Apple's Liquid Glass is prep work for AR interfaces, not just a design refresh (omc345.substack.com)

The self-edit approach is clever - using RL to optimize how models restructure information for their own learning. The key insight is that different representations work better for different types of knowledge, just like how humans take notes differently for math vs history.

Two things that stand out:

- The knowledge incorporation results (47% vs 46.3% with GPT-4.1 data, both much higher than the small-model baseline) show the model does discover better training formats, not just more data. Though the catastrophic forgetting problem remains unsolved, and it's not completely clear whether data diversity is improved.

- The computational overhead is brutal - 30-45 seconds per reward evaluation makes this impractical for most use cases. But for high-value document processing where you really need optimal retention, it could be worth it.

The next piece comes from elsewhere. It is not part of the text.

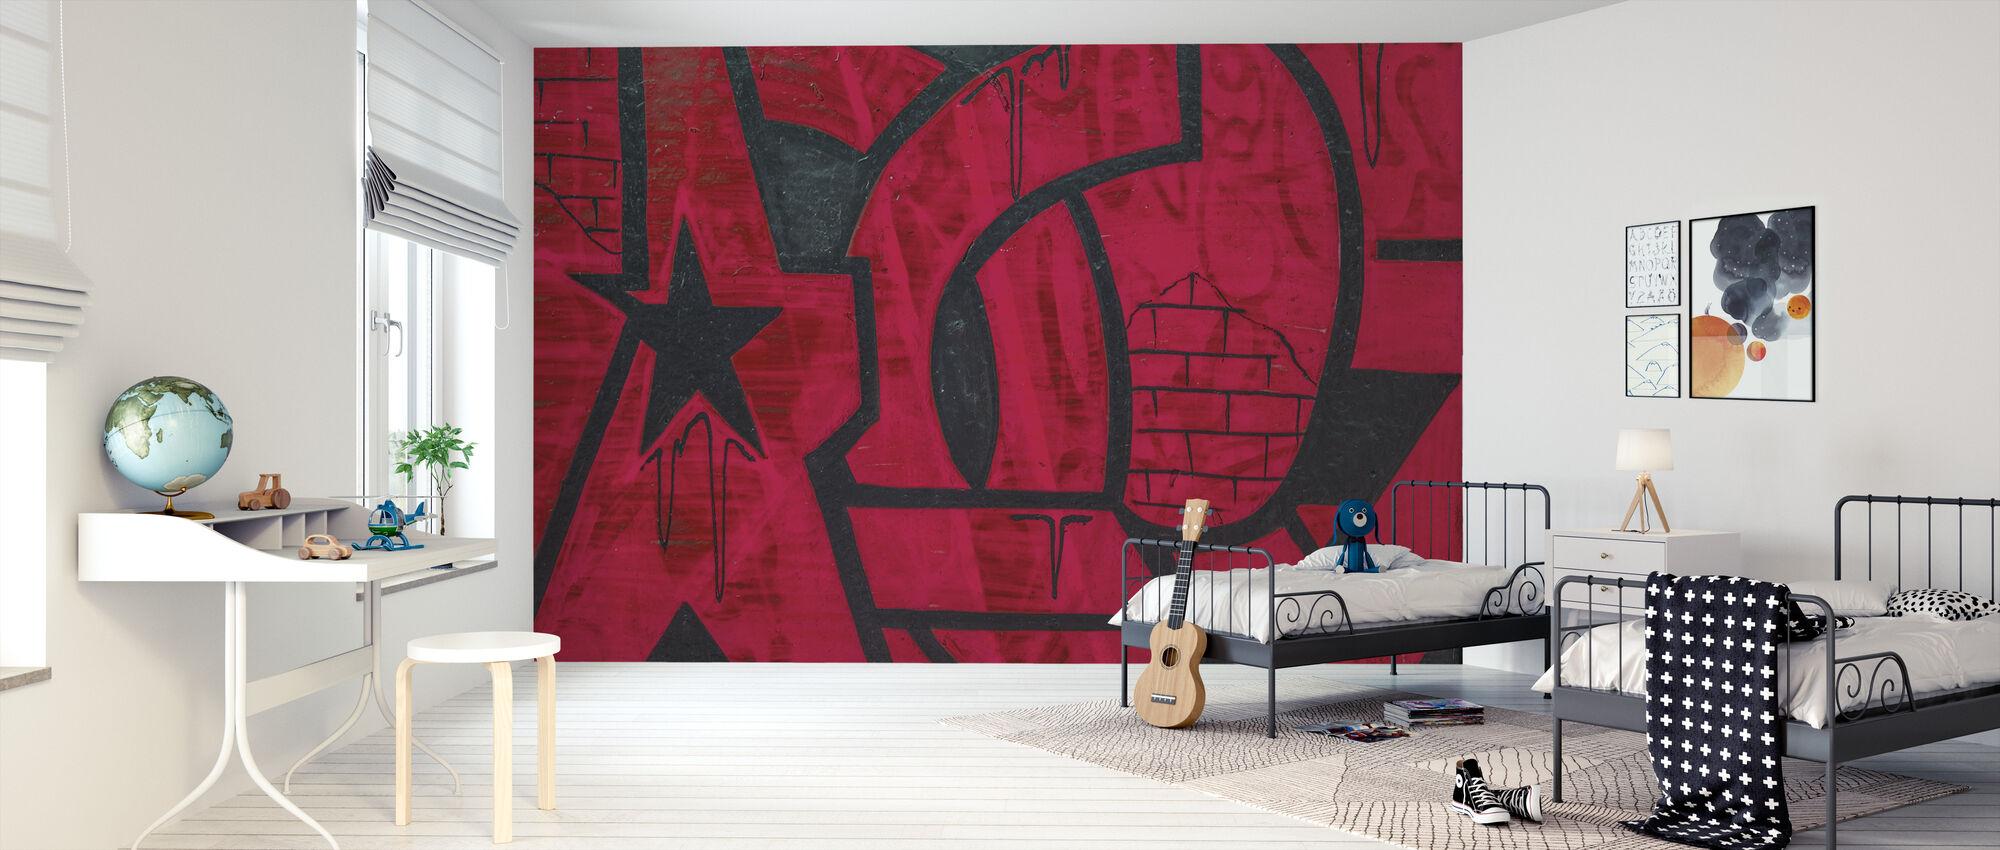 Red Detail from Graffiti Wall - Wallpaper - Kids Room

The restriction to tasks with explicit evaluation metrics is the main limitation. You need ground truth Q&A pairs or test cases to compute rewards. Still, for domains like technical documentation or educational content where you can generate evaluations, this could significantly improve how we process new information.

Feels like an important step toward models that can adapt their own learning strategies, even if we're not quite at the "continuously self-improving agent" stage yet.

cma · 6h ago

From Anthropic a couple days ago too, self finetuning:

https://arxiv.org/html/2506.10139v1

No comments yet

libraryofbabel · 6h ago

I wonder if anyone who’s really in the know could summarize where the research is at with getting LLMs to learn “on the job” (through continuous fine tuning or whatever) and what the blockers are to this being a useful deployable thing, e.g. having a model+coding agent that can actually learn a codebase over time (cost? model collapse? something else?).

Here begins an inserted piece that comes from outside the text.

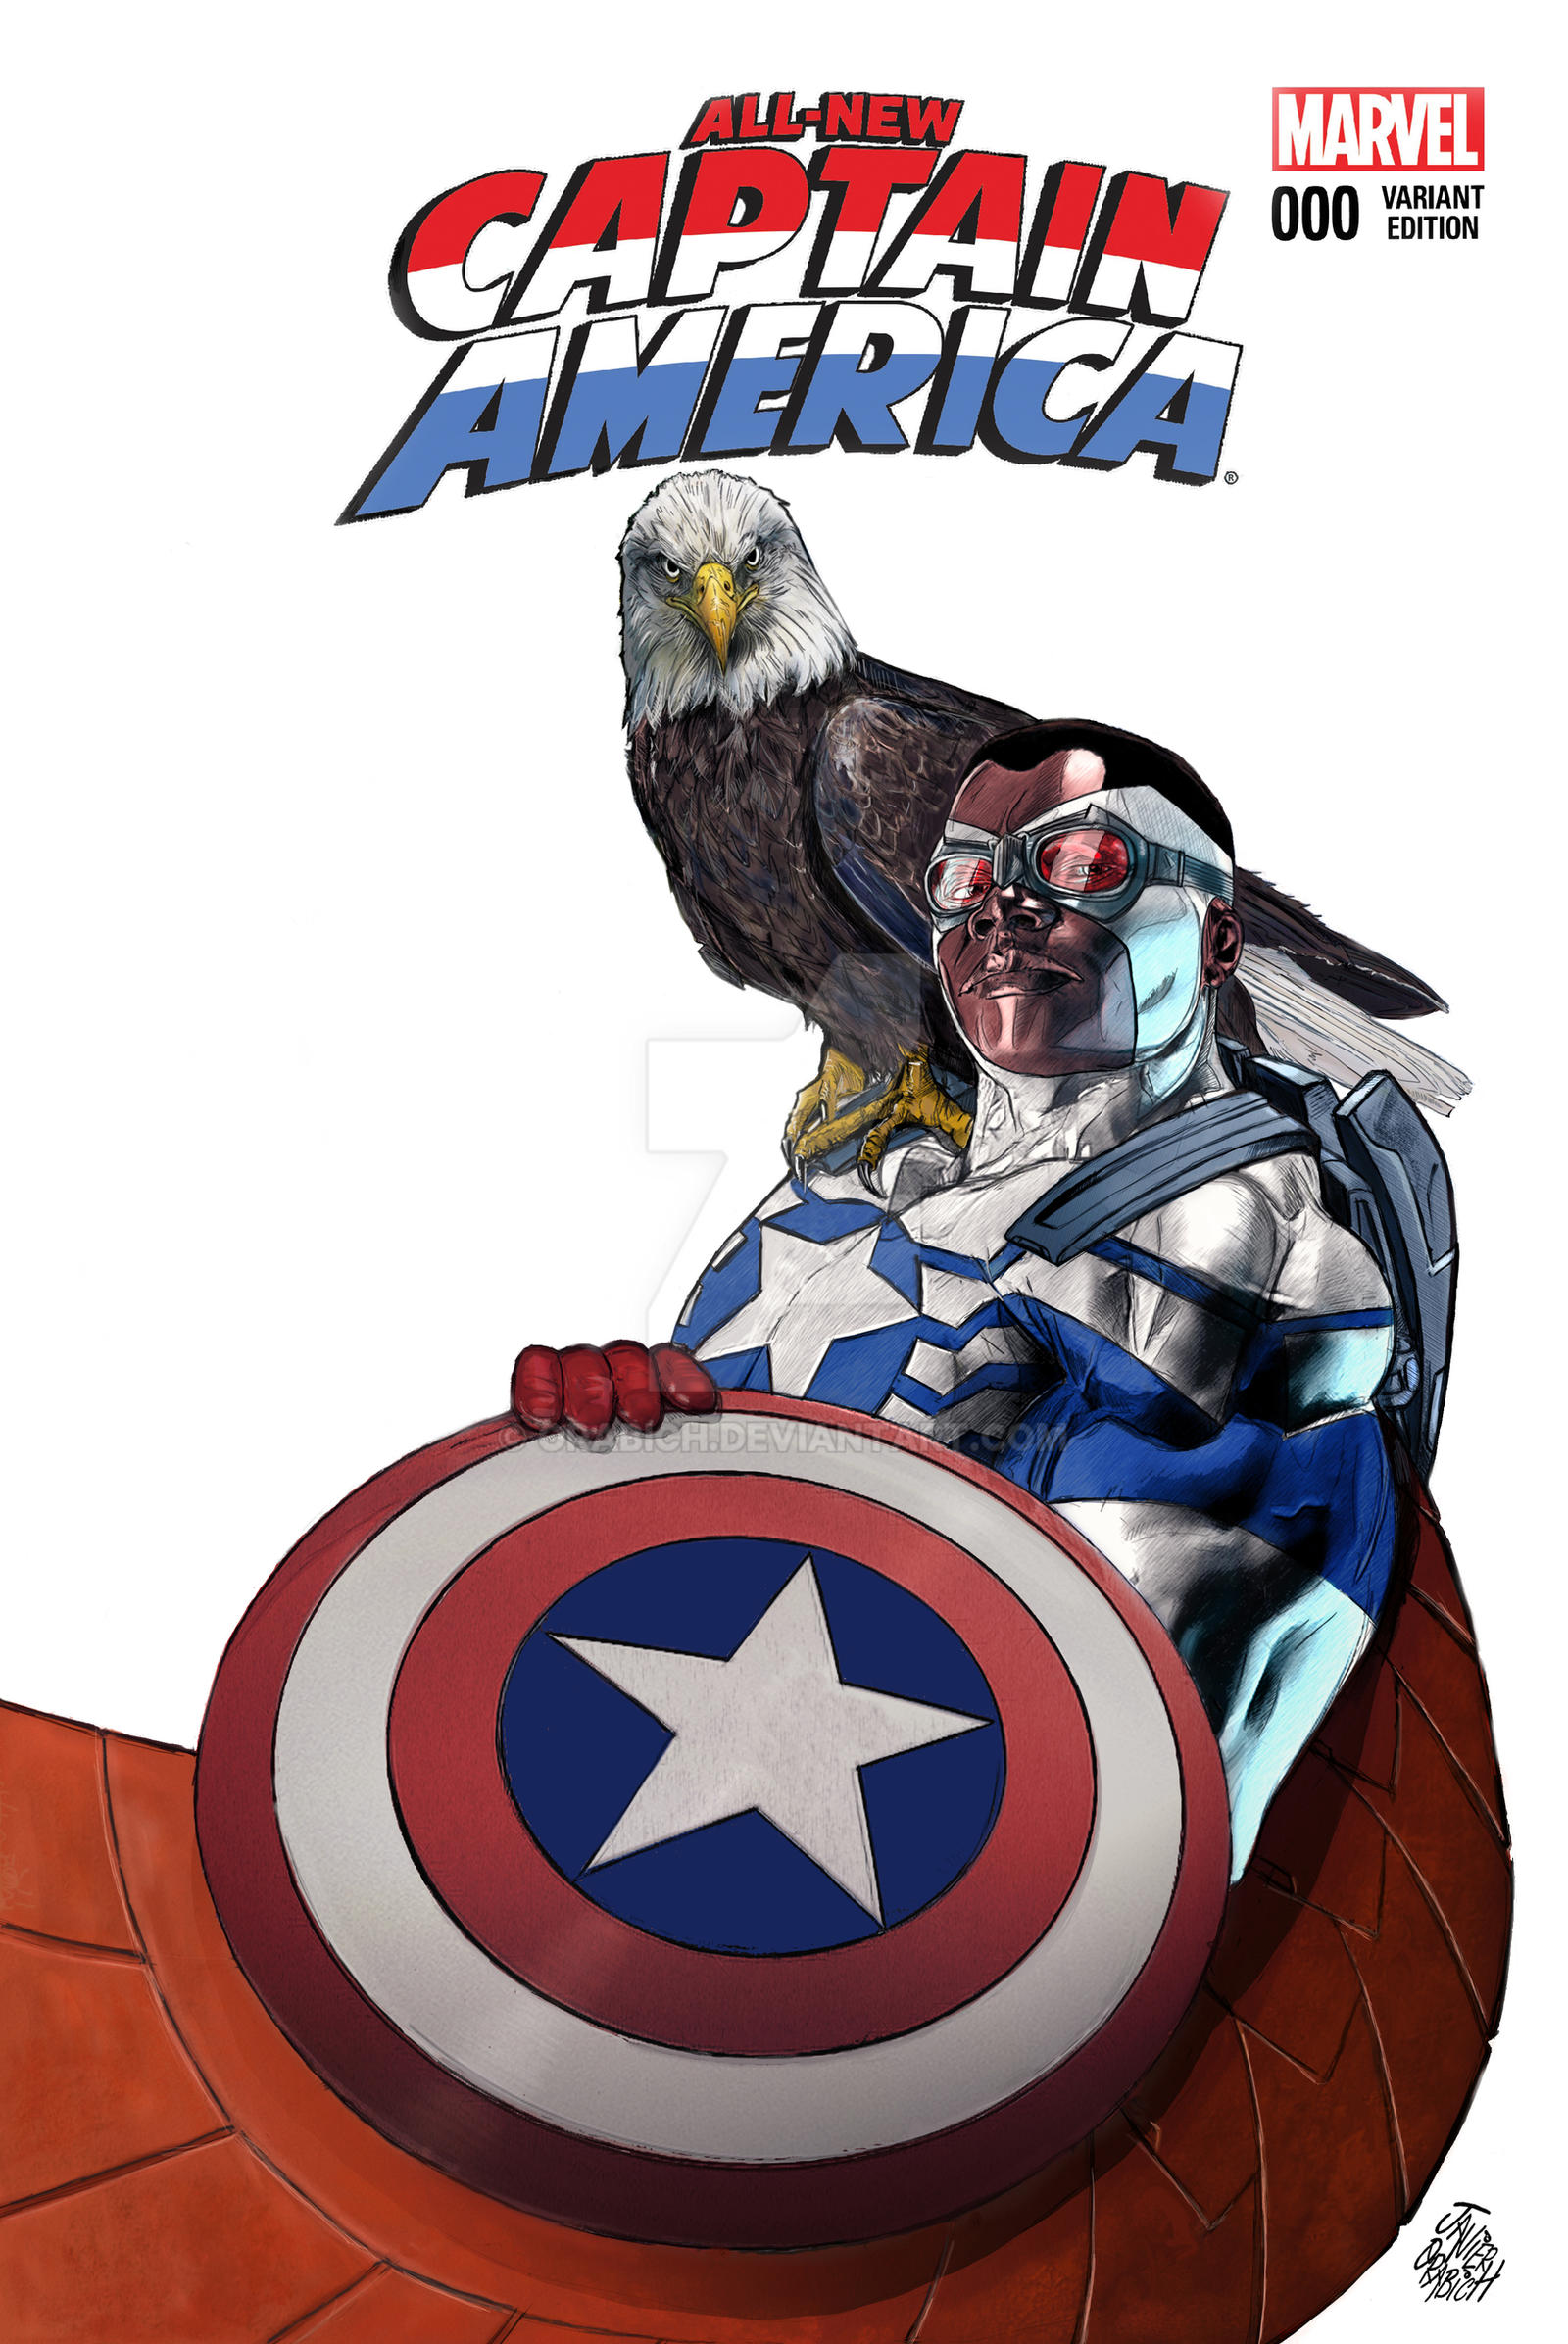 ALL-NEW CAPITAN AMERICA. by orabich

I’m sure this is something the big labs are trying but from the outside as a user of LLMs it feels like people don’t talk about this very much and instead the focus right now is on better training (eg reinforcement learning) with the assumption that anything else not learned during training will be stuffed into the context somehow as needed. But from a naive perspective the lack of learning from experience after training seems like the biggest thing standing between us and AGI.

johnsmith1840 · 4h ago

We have no idea how to do continual learning.

Many people here are right, compute, collapse, forgetting whatever.

The only "real" way to do this would be: 1. Train a model 2. New data 3. Retrain the model in full + new data 4. Repeat 5. You still have no garuntee on the "time" aspect though.

But CL as a field basically has zero answers on how to do this in a true sense. It's crazy hard because the "solutions" are hypocritical in many ways.

We need to expand the model's representation space while keeping the previous representation space nearly the same?

Basically, you need to modify it without changing it.

Most annoying is that even the smallest of natural brains do this easily. I have a long winded theory but basically it boils down to AI likely needs to "sleep" or rest somehow.

mackenziebowes · 3h ago

The cool thing about AI that I'm seeing as an outsider/non-academic, is that it's relatively cheap to clone. Sleeping/resting could be done by a "clone" and benefits could be distributed on a rolling schedule, right?

johnsmith1840 · 3h ago

One clone takes a nap while the other works is pretty cool.

But the clone couldn't run without sleeping? So that's more of a teammate than a clone.

1 works while the other sleeps and then swap.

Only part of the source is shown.